- _Exercise aim_
I'd like every entry transcribed word for word, with no pictures.

(Data items)
______

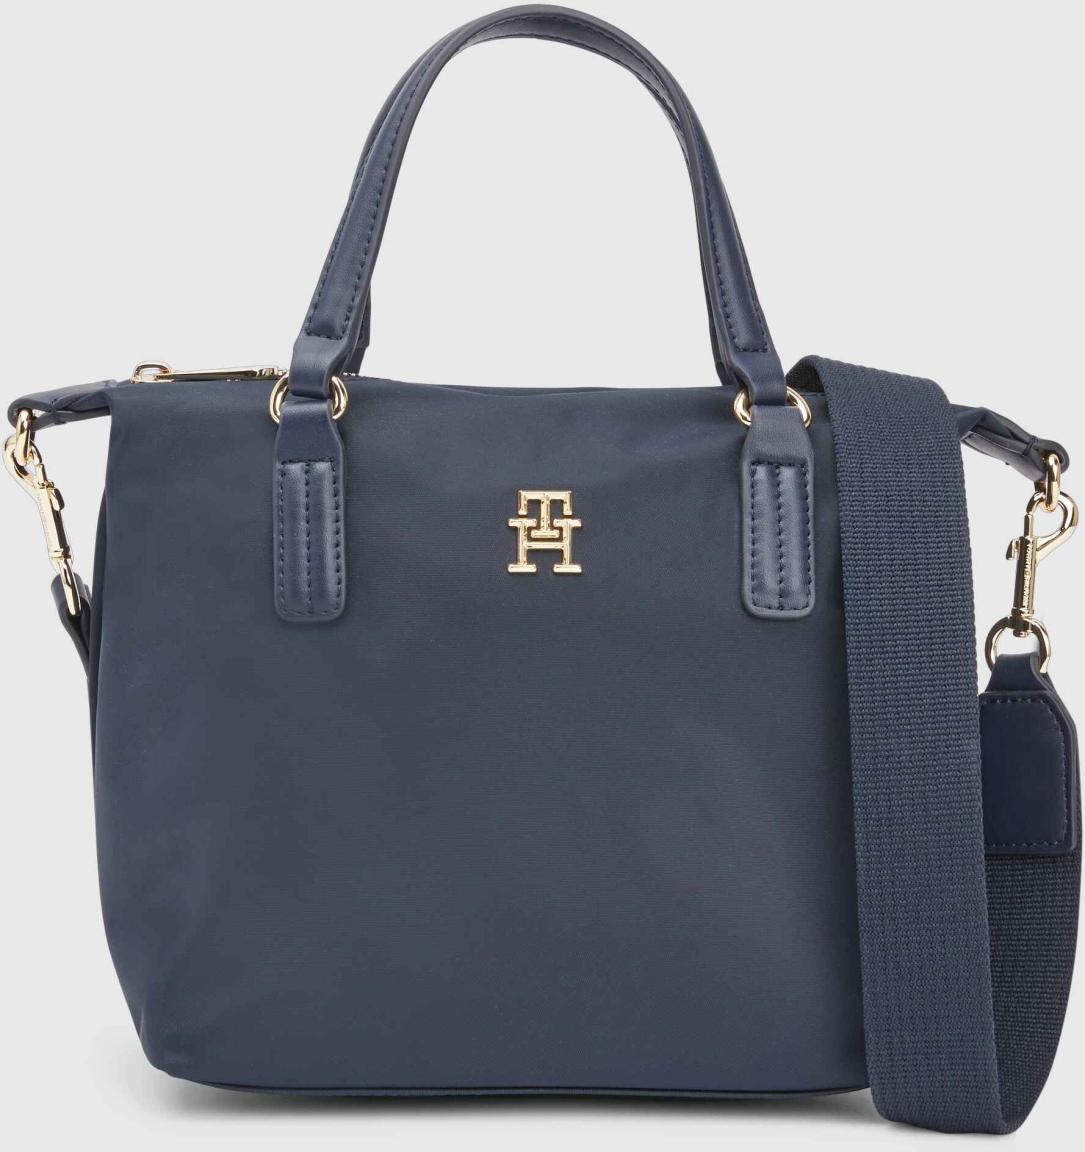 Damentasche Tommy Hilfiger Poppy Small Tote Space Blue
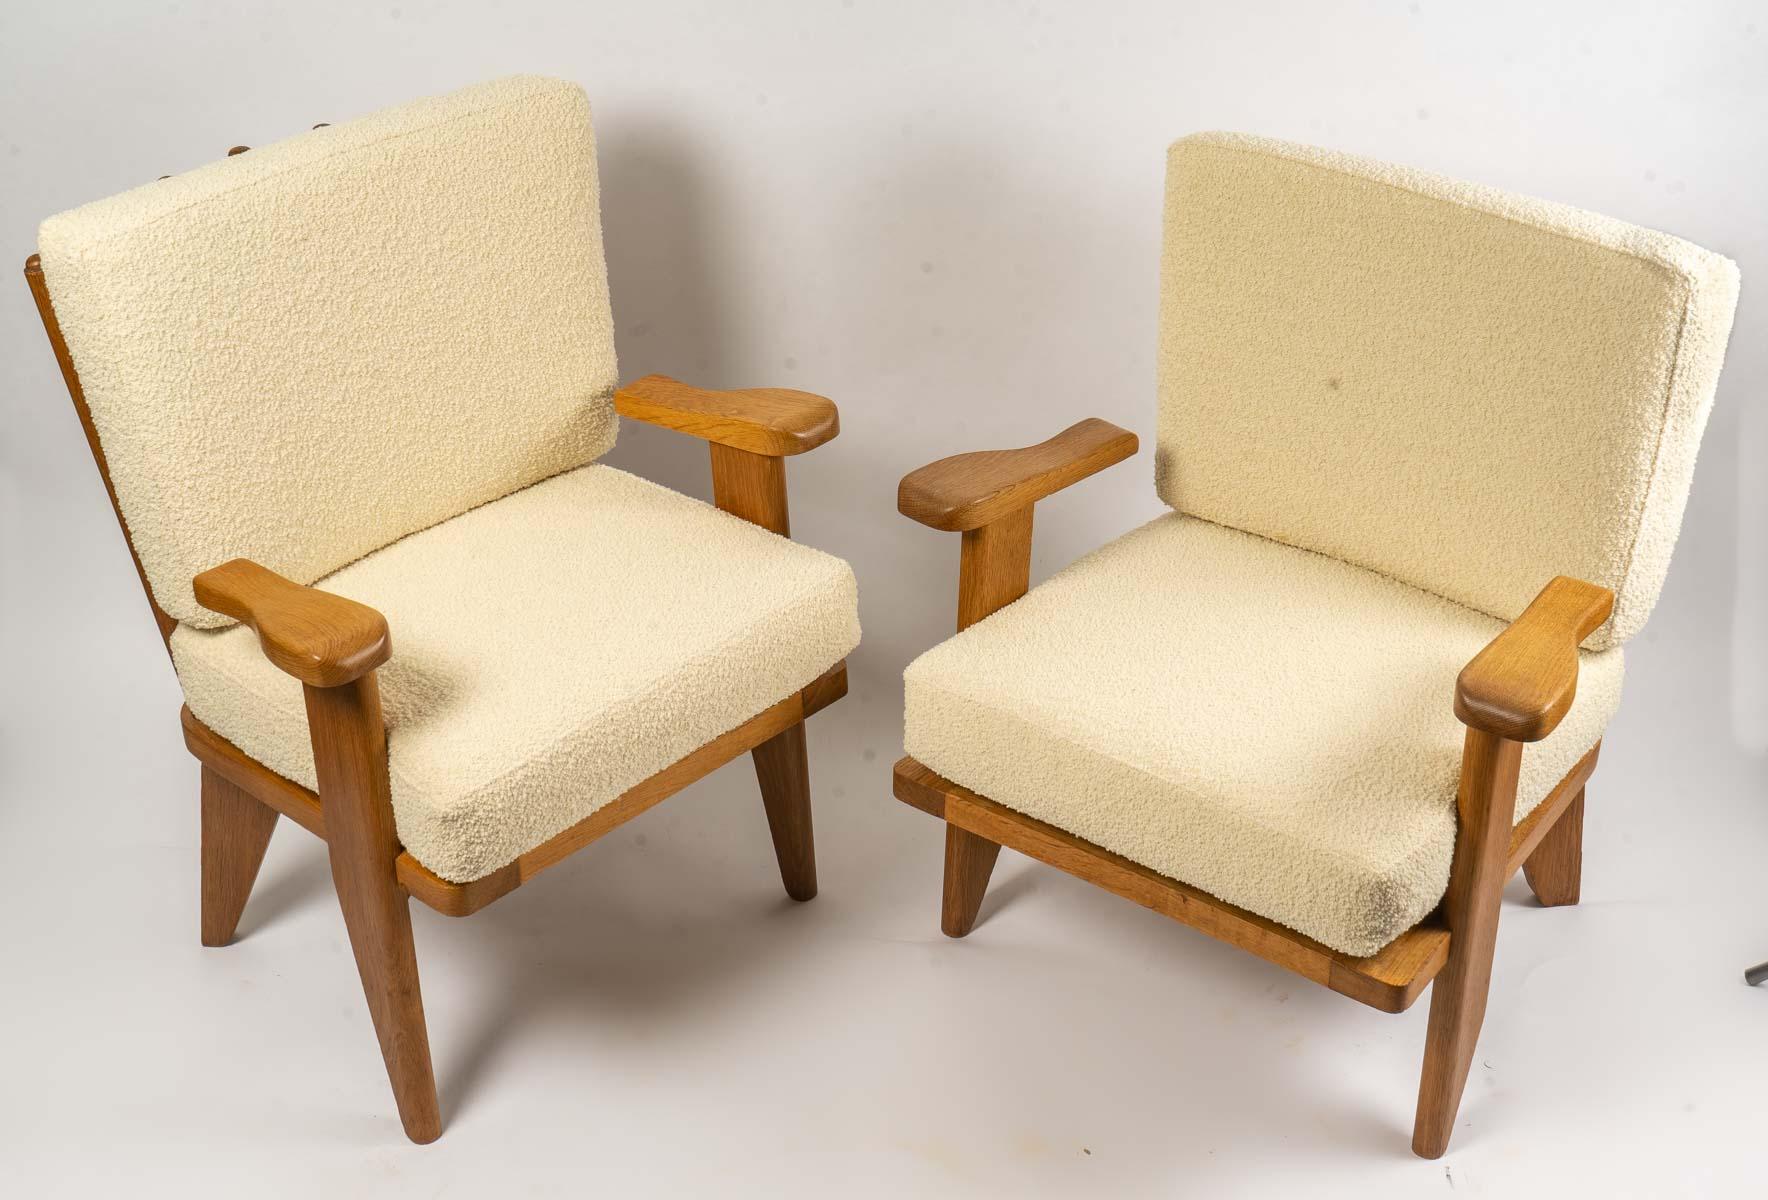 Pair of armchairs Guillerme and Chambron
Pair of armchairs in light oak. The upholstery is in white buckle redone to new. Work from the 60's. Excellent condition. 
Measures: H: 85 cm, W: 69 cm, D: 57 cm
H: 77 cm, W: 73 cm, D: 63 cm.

______

- _Response to this exercise_
 Damentasche Tommy Hilfiger Poppy Small Tote Space Blue
 Pair of armchairs Guillerme and Chambron
Pair of armchairs in light oak. The upholstery is in white buckle redone to new. Work from the 60's. Excellent condition. 
Measures: H: 85 cm, W: 69 cm, D: 57 cm
H: 77 cm, W: 73 cm, D: 63 cm.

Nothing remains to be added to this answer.